I have a couple 1050's, a 650, and a 550.

I use the 1050's the most. If you are getting just one, the 1050 has the easiest change over of priming system, and is also compatible with going to a hydraulic automation if that might be your goal. The 1050 does not require a push- pull motion, its just pull (for seating primers) The rest require you to push the handle to seat the primer, then pull for the rest of the actions.

I haven't gotten a case feeder for the 550, but that is often what I will do low volume progressive loading on. The 550 case feed is for pistol calibers only, though.

I hate the 650's primer system- it seems to jam a lot for me. That said, its what I load .45-70 on as I got a conversion kit back when for that.

A side benefit of the 1050 is that you can swage out crimp from military brass on it. I have mine backed out on one of the machines because it can be a bit touchy, and besides I don't load any large primer milsurp cases.

The 550 I have loaded .223-.416 rigby on, and its really the most versatile of their machines.

So it kind of depends on what you mean by high volume. If you have the supplies, I have done 10,000 rounds of 9mm in a (long) day with the 1050. (I have a primer tube auto loader also) but beware that you do need to periodically reset the machine when you make those kinds of runs.

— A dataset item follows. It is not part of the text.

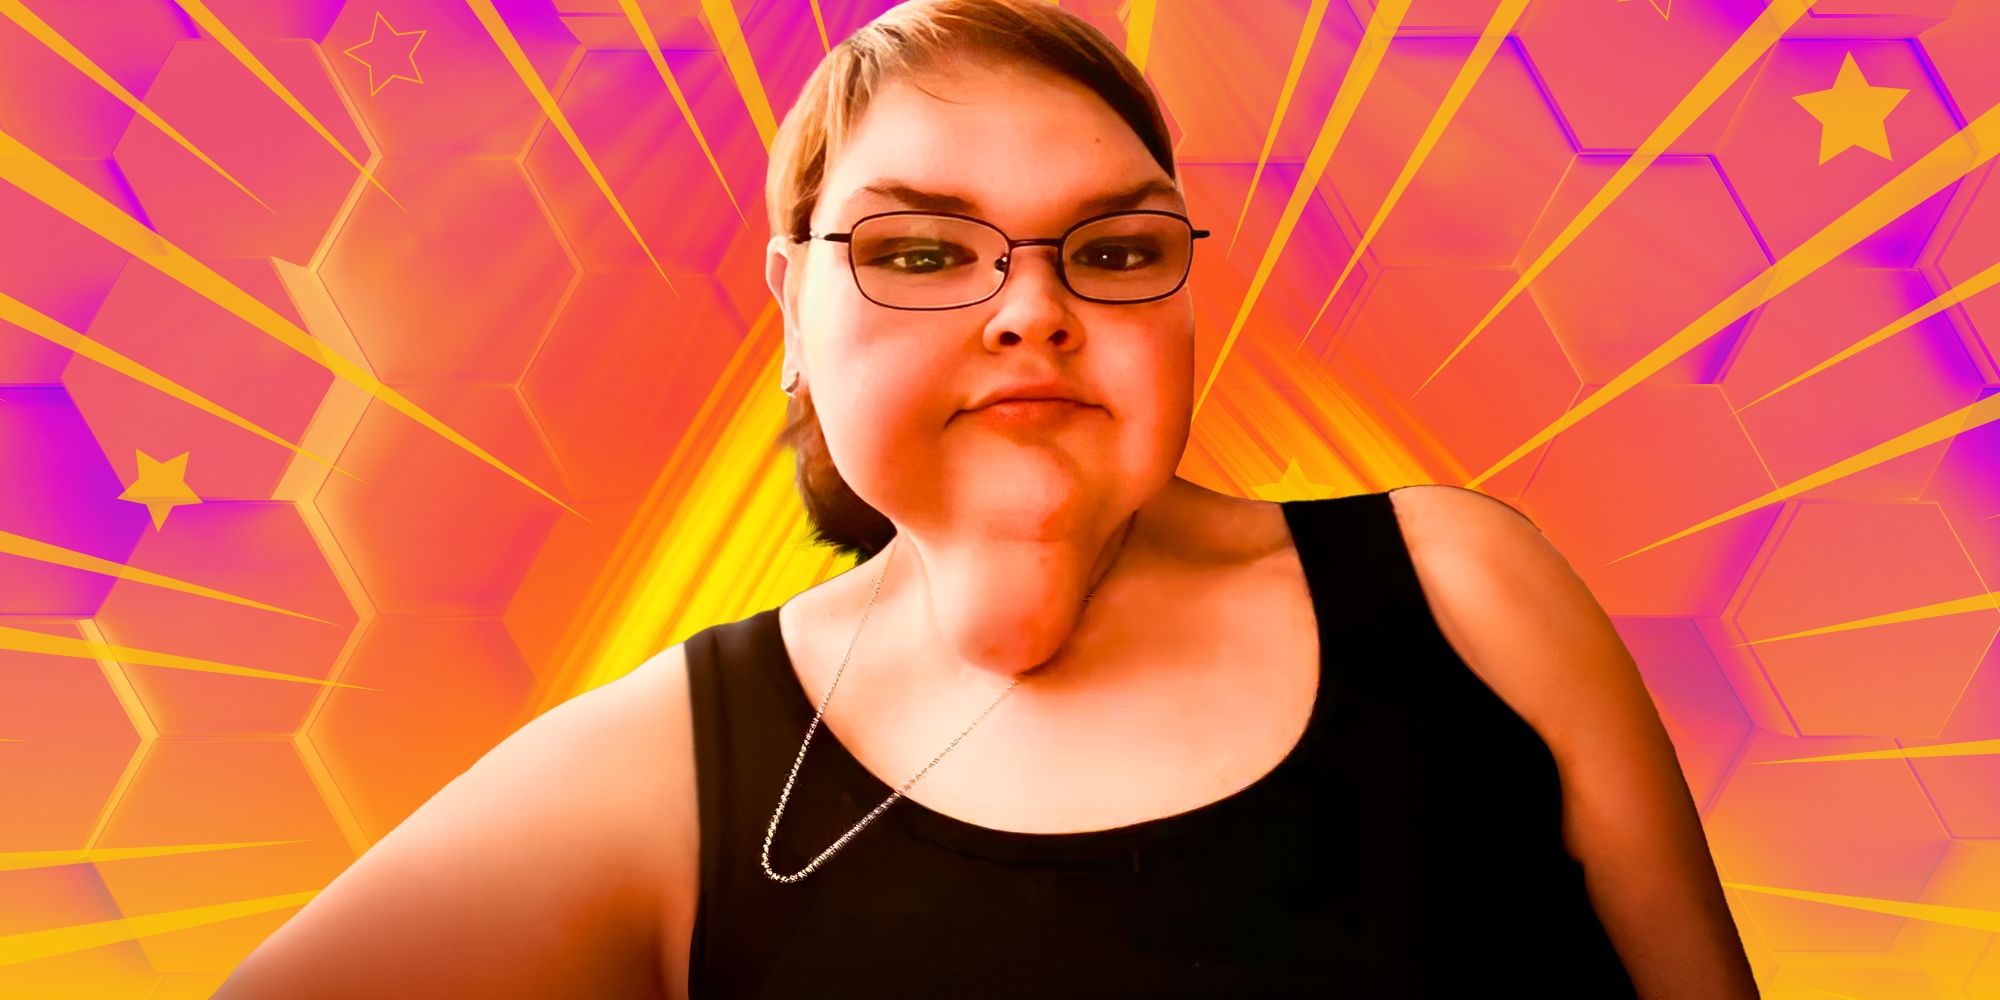  1000-Lb Sisters' Tammy Slaton wearing a sleeveless black top and glasses.

The 550 is under $500 (without dies) with a caliber conversion costing about $50

The 750 is ready to go for .223 $1500 The press absent casefeeder, etc. is $650
conversions cost around $90

The 1050 is $1900 but has the casefeeder. (you do need different plates for that depending on what you are loading- you need a large pistol and small rifle with what you mention.)

Cartridge conversions are $130 for pistol, can be up to $180 for some rifle calibers)

Another point is their no BS warranty does not apply to the 1050, as its a "production" machine, although they do do most stuff for free...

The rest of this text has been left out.